PORTEURS DE LÉSIONS FRONTALES

2.1. La sociopathie acquise

2.1.1. Présentation clinique

Les troubles comportementaux et affectifs consécutifs à des lésions des lobes frontaux forment un ensemble hétérogène d’une grande variété de symptômes. Habib (1998) rappelle que Blumer et Benson (1975) ont proposé de qualifier de « pseudo psychopathie » les comportements de ces patients faits de désinhibition, de tendances aux facéties, avec coloration sexuelle du discours et des comportements (sans passage à l’acte en général) ainsi qu’un certain égocentrisme avec mépris d’autrui. Chez l’homme, ces symptômes sont le fait de lésions du cortex orbito-frontal qui appartient aux composantes paralimbiques du système limbique et qui semble impliqué dans le contrôle des fonctions mentales apparentées au concept d’émotion dans son sens le plus large. Selon Rolls (1996), la caractéristique du cortex orbito-frontal serait de pouvoir signaler si une récompense attendue a été ou non obtenue, permettant donc probablement de modifier le comportement lorsqu’une réponse faite préalablement devant un stimulus comparable devient inappropriée.

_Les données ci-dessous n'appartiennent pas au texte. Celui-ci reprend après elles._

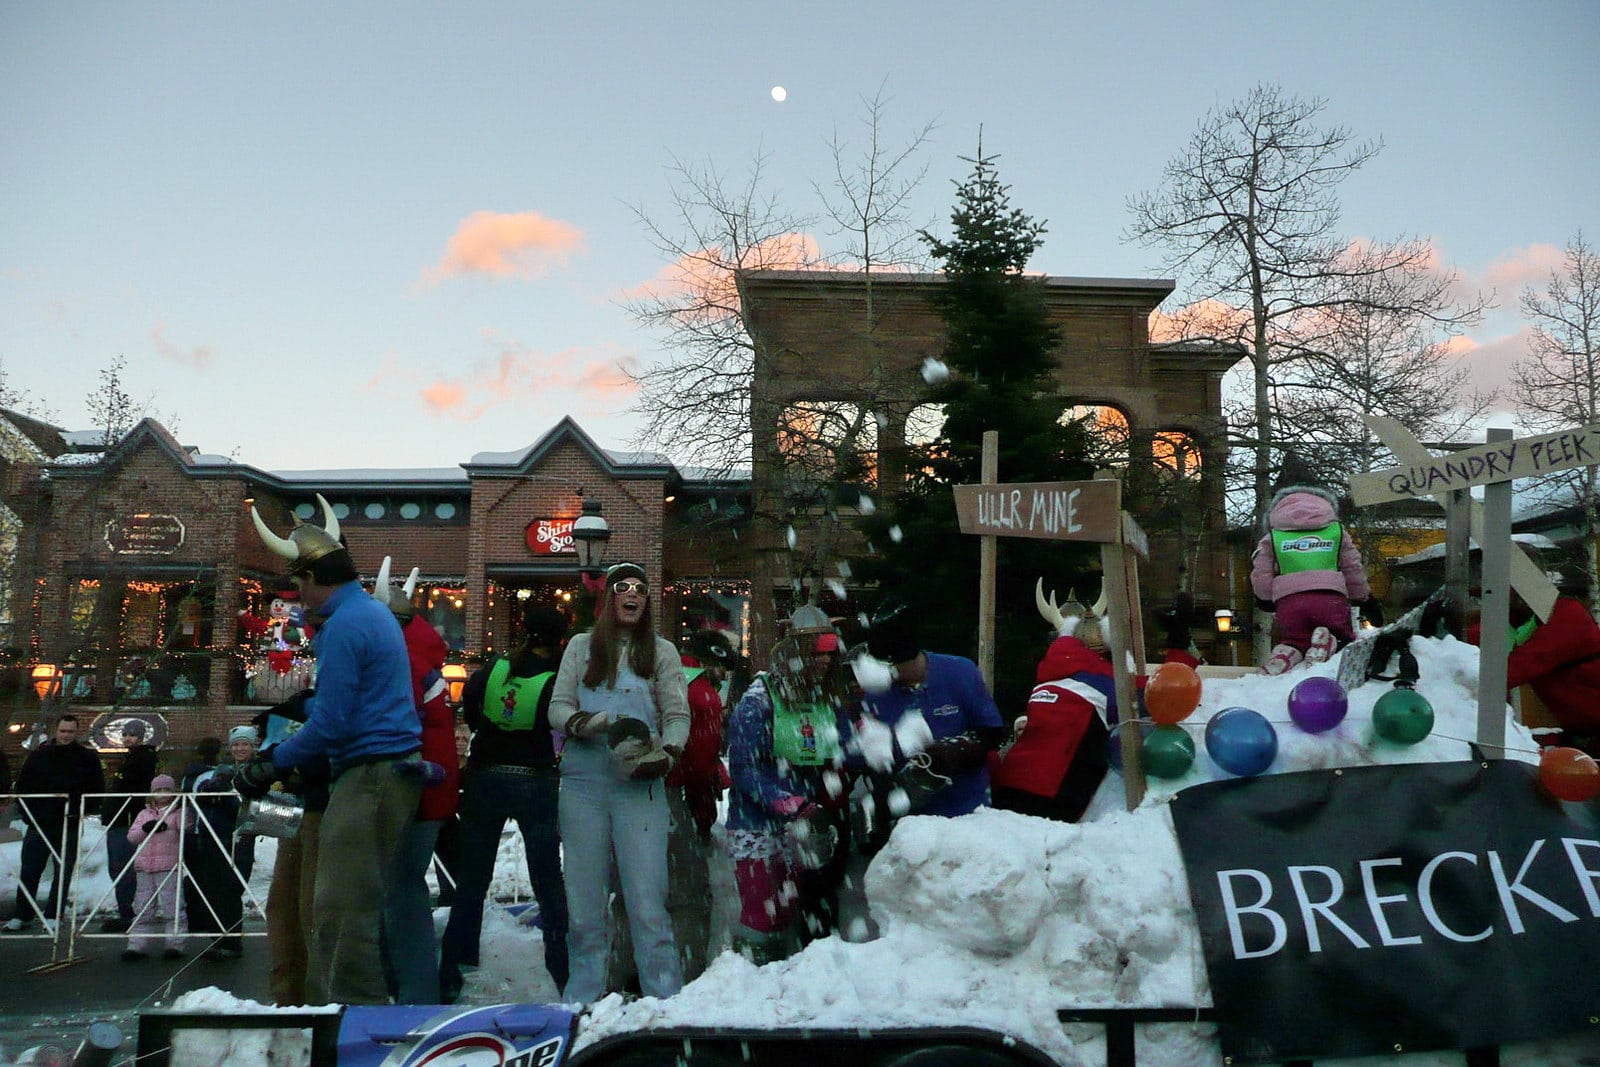 Image of the Breckenridge Ullr Festival Parade in Colorado

La littérature nous a fourni quelques observations spectaculaires dont le très célèbre cas Phinéas Gage, faisant ainsi état d’une modification de la personnalité après une atteinte frontale (Stuss et al., 1992). De plus, cette illustration permettait de souligner la présence d’une dissociation franche au sein du syndrome frontal entre cognition et personnalité (Le Gall et Forgeau, 1997). Il en va de même pour EVR dont l’observation décrite par Eslinger et Damasio (1985) relate elle aussi l’apparition de comportements pathologiques consécutifs à des lésions frontales, contrastant par ailleurs avec des résultats normaux aux tests neuropsychologiques. En effet, opéré d’un méningiome frontal ventro-médian, EVR se mit à multiplier les échecs dans son travail et les infortunes dans sa vie conjugale en dépit de performances normales dans la très grande majorité des épreuves à visée frontale, y compris pour les estimations cognitives. Et bien qu’EVR ne présente aucune anomalie dans des épreuves mettant en jeu les conventions sociales ou les valeurs morales, il se montre incapable d’utiliser de façon adéquate son « savoir social » dans la vie quotidienne (Saver et Damasio, 1991).

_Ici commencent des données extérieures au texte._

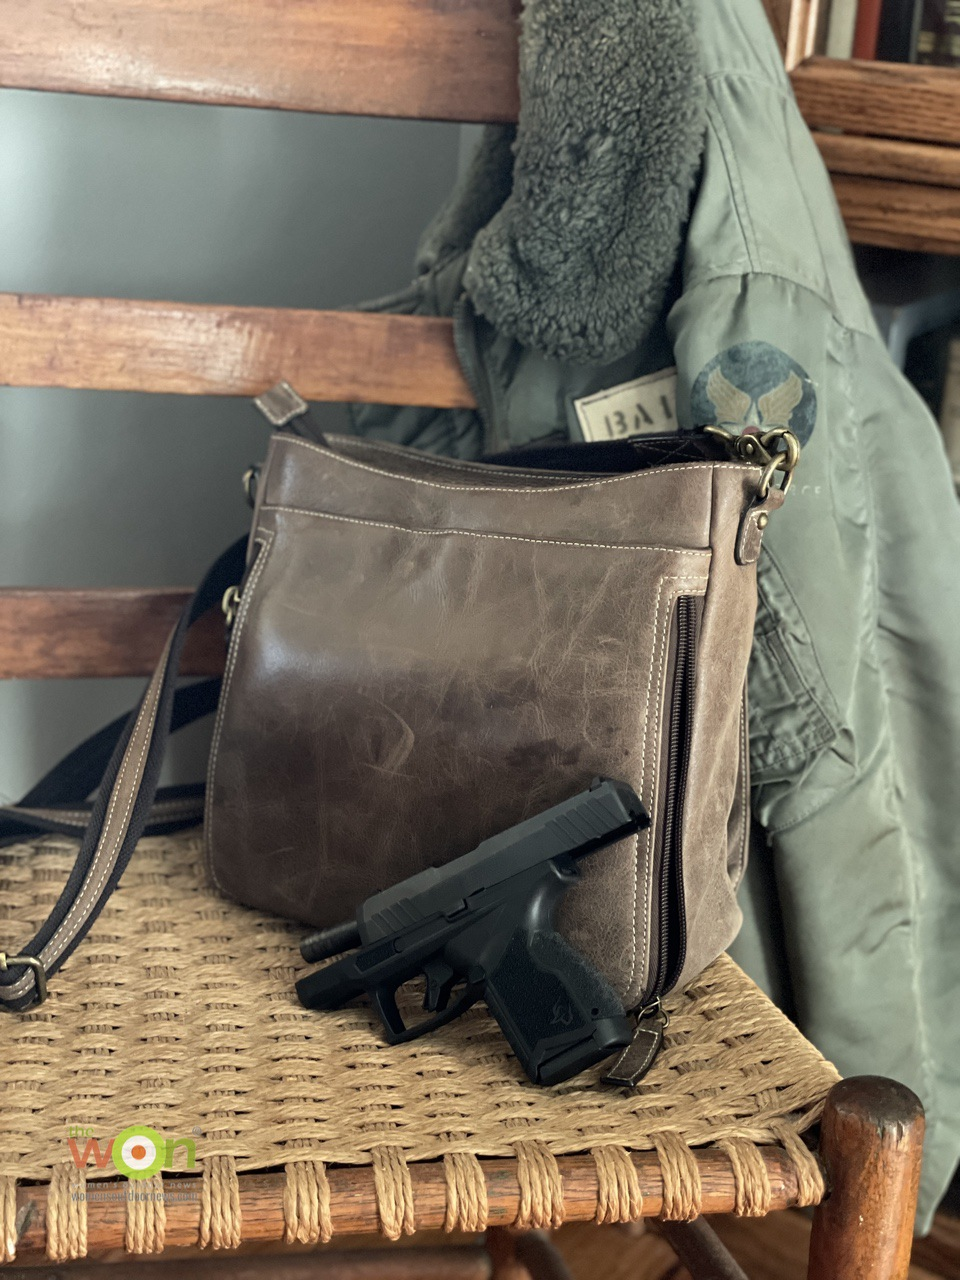 Taurus GX4 and GTM distressed leather slim X-body purse

La première observation illustre bien la notion de sociopathie acquise étant donnée l’existence d’une modification profonde de la personnalité antérieure portant principalement sur deux points :

- l’incompétence dans les interactions sociales,

- le caractère versatile et capricieux des décisions prises.

Quant à EVR, l’accent est mis sur le contraste entre un jugement intellectuel adéquat et l’inaptitude à l’appliquer dans la vie quotidienne.

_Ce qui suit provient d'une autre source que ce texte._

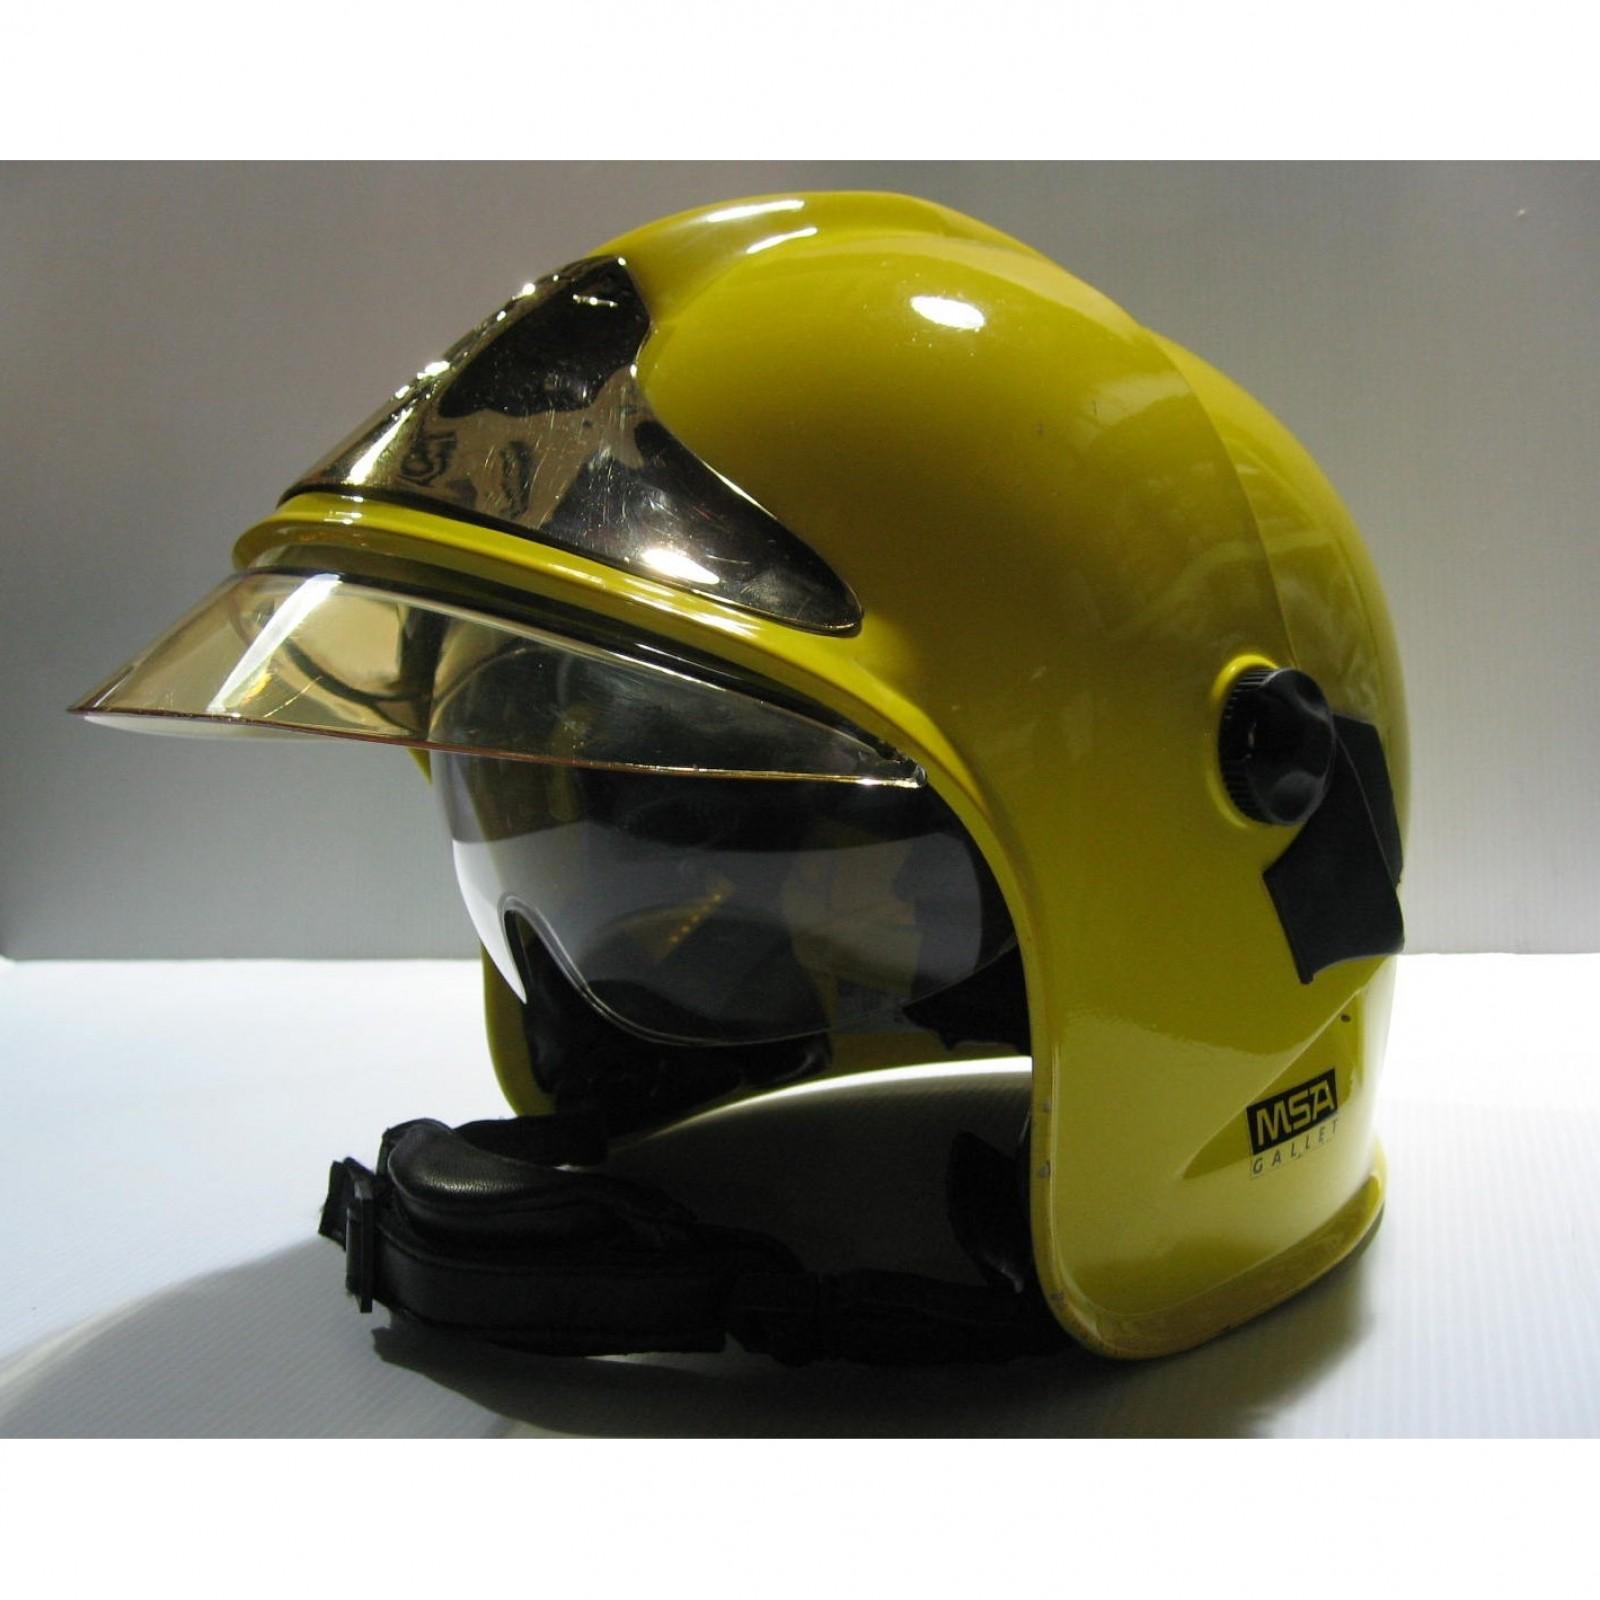 Msa Gallet F1s Firefighter Helmet Yellow Demonstration Unit

La description de tels profils « atypiques » avec dissociations cognitivo-comportementales a replongé les chercheurs au cœur même de la clinique qui avait été quelque peu délaissée au profit d’une ère essentiellement cognitivo-computationnelle dans les années 1970 à 1990.

Damasio insiste sur l’impossibilité d’EVR à adapter son comportement en situation de choix. Il développe alors sa théorie des marqueurs somatiques pour analyser ce trouble de prise de décision.

2.1.2. Interprétation des troubles comportementaux des patients avec lésions ventro- médianes par la théorie des marqueurs somatiques

La théorie des marqueurs somatiques a été proposée par Damasio en 1995 après observation de patients atteints de lésions préfrontales ventro-médiales (Eslinger et Damasio, 1985; Damasio et al., 1991; Eslinger et al., 1992).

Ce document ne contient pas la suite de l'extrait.